(Updates with Trump, Clinton campaign statements, adds details)
By David Morgan
WASHINGTON Oct 11 U.S. Republican presidential
nominee Donald Trump reiterated his promise in Sunday's debate
to kill the "carried interest" tax loophole that benefits hedge
fund managers and others - but his tax plan offers other goodies
for Wall Street, a nonpartisan tax research group said on
Trump and Democratic rival Hillary Clinton's tax plans
differ like mirror images, especially when it comes to how they
treat investment fund managers and other wealthy Americans,
according to separate reports by the Tax Policy Center.
Trump's tax plan would reduce federal tax revenues by $6.2
trillion over a decade, with about three-quarters of the
decrease coming from lower business taxes, the center said.
Those with incomes in the top 0.1 percent would see an average
tax cut of nearly $1.1 million.
Clinton would raise revenue by $1.4 trillion almost entirely
through higher taxes on the wealthy, including a 4 percent
surcharge on those with incomes of more than $5 million.
The Clinton campaign said the analysis showed she would
require "the wealthy, Wall Street and large corporations to pay
their fair share."
The Trump campaign denounced it as "a fraudulent analysis"
plagued by software problems.
The Wall Street carried interest loophole allows financial
managers at private equity, hedge fund and other qualifying
firms to pay a capital gains tax rate on their income instead of
the higher income tax rate.
Clinton would close the loophole with no compensating
benefits for those hit, the center said.
Under Trump's proposal, the center said hedge funds and
private equity partnerships would qualify for a special 15
percent business tax rate, depending on their size, the center
said.
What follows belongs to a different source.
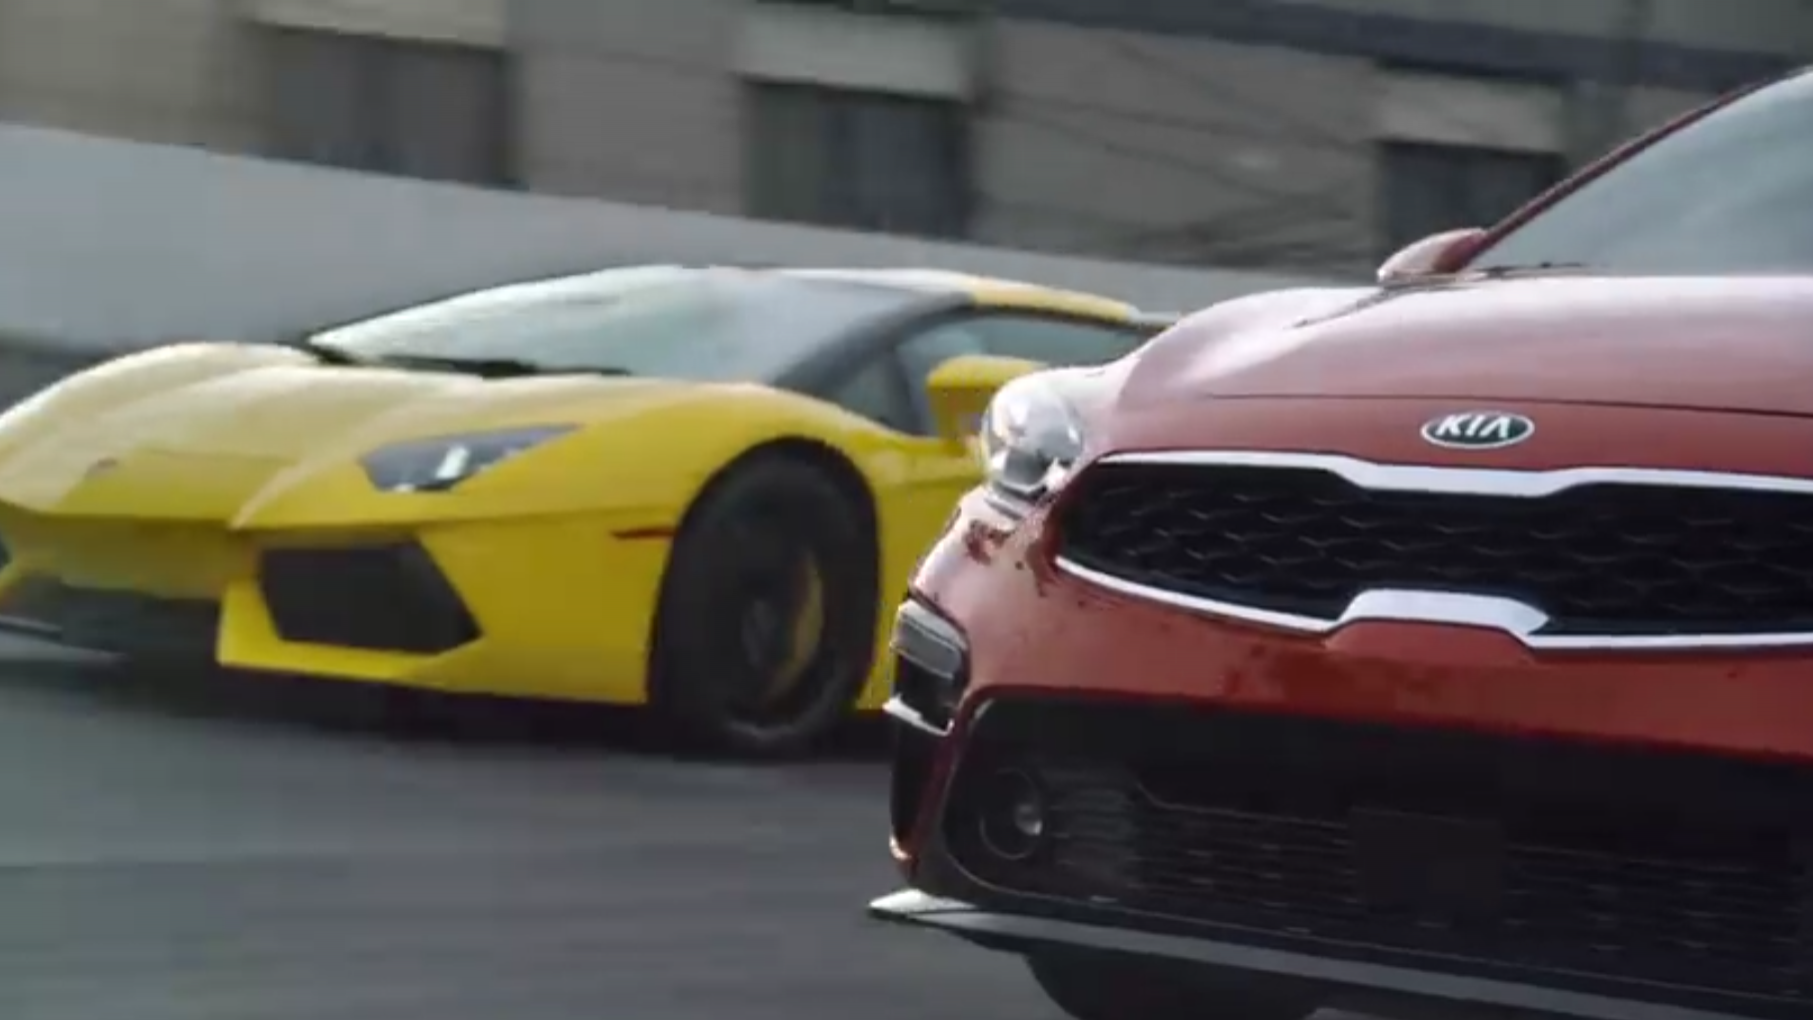 Como um Lamborghini pode ajudar a vender carros da Kia

That would be well below Trump's proposed top income tax
rate of 33 percent and less than the 23.8 percent rate that
funds now pay under carried interest rules.
"Literally, he is getting rid of carried interest," said
Eric Toder, co-director of the center, which is a collaboration
of the Urban Institute and the Brookings Institution.
"The question is what else is there in the plan that affects
hedge funds, and the reduction in the business income tax rate
to 15 percent gives them a much better deal," Toder said.
Large investment fund managers would lose any advantage
because the Trump plan would subject them to an additional 20
percent dividend tax, the center said. Analysts said Trump had
not said what constitutes a large business.
"Our plan has explicit safeguards to keep hedge funds from
abusing the business rate - it's Hillary who plans secret
benefits for Wall Street, not us," Trump national policy
director Stephen Miller said in a statement.